In my foreword to an issue of the Ateneo Law Journal some time ago, I wrote: “When I was still a law student over 50 years ago, courts were absolutely sacrosanct. Supreme Court justices were regarded as little deities on Mount Olympus, whose decisions and pronouncements were revered with biblical finality and obeyed dutifully by everyone living in the plains.”
Hermetic isolation. Truly, magistrates were thought to possess infinite wisdom and absolute fairness. Their word was sacred and infallible. Their internal processes were confidential and kept from the scrutiny of mere mortals.
In keeping with their immortal status, the justices lived in hermetic isolation. Untouched and unaffected by the hustle and bustle of ordinary life, they took a vow of silence amid the most hectic political and social crises besetting the nation. They spoke only via their decisions and orders.
No one dared lampoon the Court and the justices. The sub judice rule was strictly observed. No one commented on a pending case without risking the ire of the gods.
Judicial decisions were often written in esoteric legalese. Law students had difficulty deciphering the ratio decidendi that is often buried in kilometric sentences.
Information Age. Nowadays, for better or for worse, media cameras and inquisitive reporters have invaded the judicial enclave. Investigative journalists have “humanized” the conduct of the justices. Public interest cases have lost their sub judice status and are freely discussed everywhere.
Indeed, we now live in a free society amplified by the information revolution and fortified by the constitutional prescriptions of accountability and transparency. While television, radio and newspapers still dominate the mass media, the internet, broadband and social media are supplementing, if not slowly replacing, these traditional one-way methods of communications.
Conscious of my difficulty as a student in reading and understanding decisions, I endeavored to simplify them after I joined the Supreme Court in 1995. I tried my best to write in unadorned English, with as little legalese as possible.
Simplifying decisions. I followed an identifiable pattern of writing decisions that has since been imbedded in “Velarde vs Social Justice Party” (April 28, 2004). In my ponencia in that case, I detailed how a decision should be written, pursuant to the constitutional mandate that “[n]o decision shall be rendered by any court without expressing therein clearly and distinctly the facts and the law on which it is based.”
As to form, I explained that the “essential parts of a good decision consists of 1) statement of the case; 2) statement of the facts; 3) issues or assignment of errors; 4) court ruling, in which each issue is, as a rule, separately considered and resolved; and finally, 5) dispositive portion.” A prologue and an epilogue are added in high-profile cases.
Since then, most decisions followed the pattern initiated in the Velarde decision.
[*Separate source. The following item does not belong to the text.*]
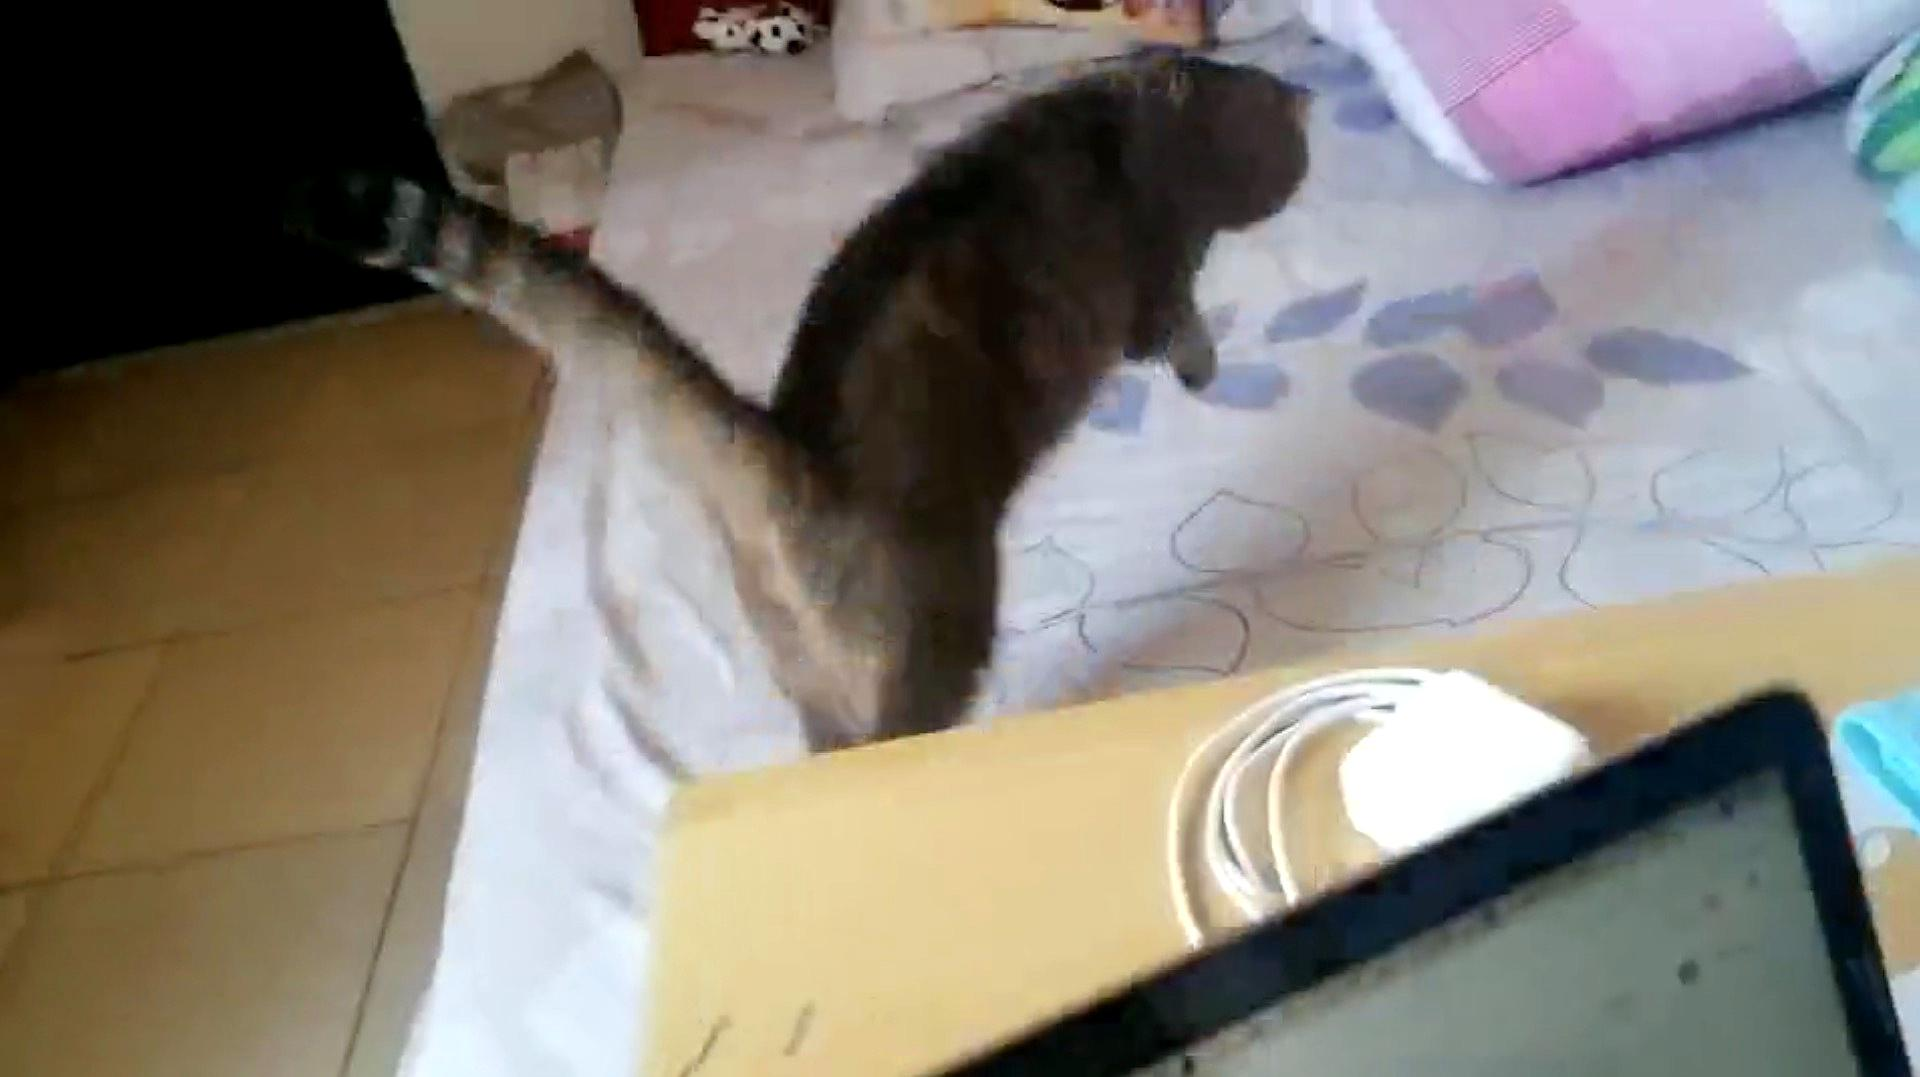 """主人在床上布置胶带陷阱,猫咪跳上去之后炸了,就像""""车祸现场"""""""

Simpler language was used without losing the distinct flavor of words, the nuances of meanings and the shades of differences.
Yearly, I wrote a book explaining the unknown internal processes of the Court, its major decisions for that year, and the reforms planned and undertaken to speed up the dispensation of quality justice.
After I retired from the Court, I continued my effort to simplify legal complexities in my columns so lay people can understand jurisprudence. I want them to appreciate and internalize judicial decisions so they can become more responsible and participative citizens.
As a column writer, my biggest challenge is still how to shorten my articles because space is severely limited. This limitation became more stringent after the Inquirer adopted its current format which allowed columnists only 4,100 characters, in lieu of 5,600 under the old format. I know that I must adjust more stringently to the Digital Age, forget long-winded legalese, simplify, and get to the point pronto.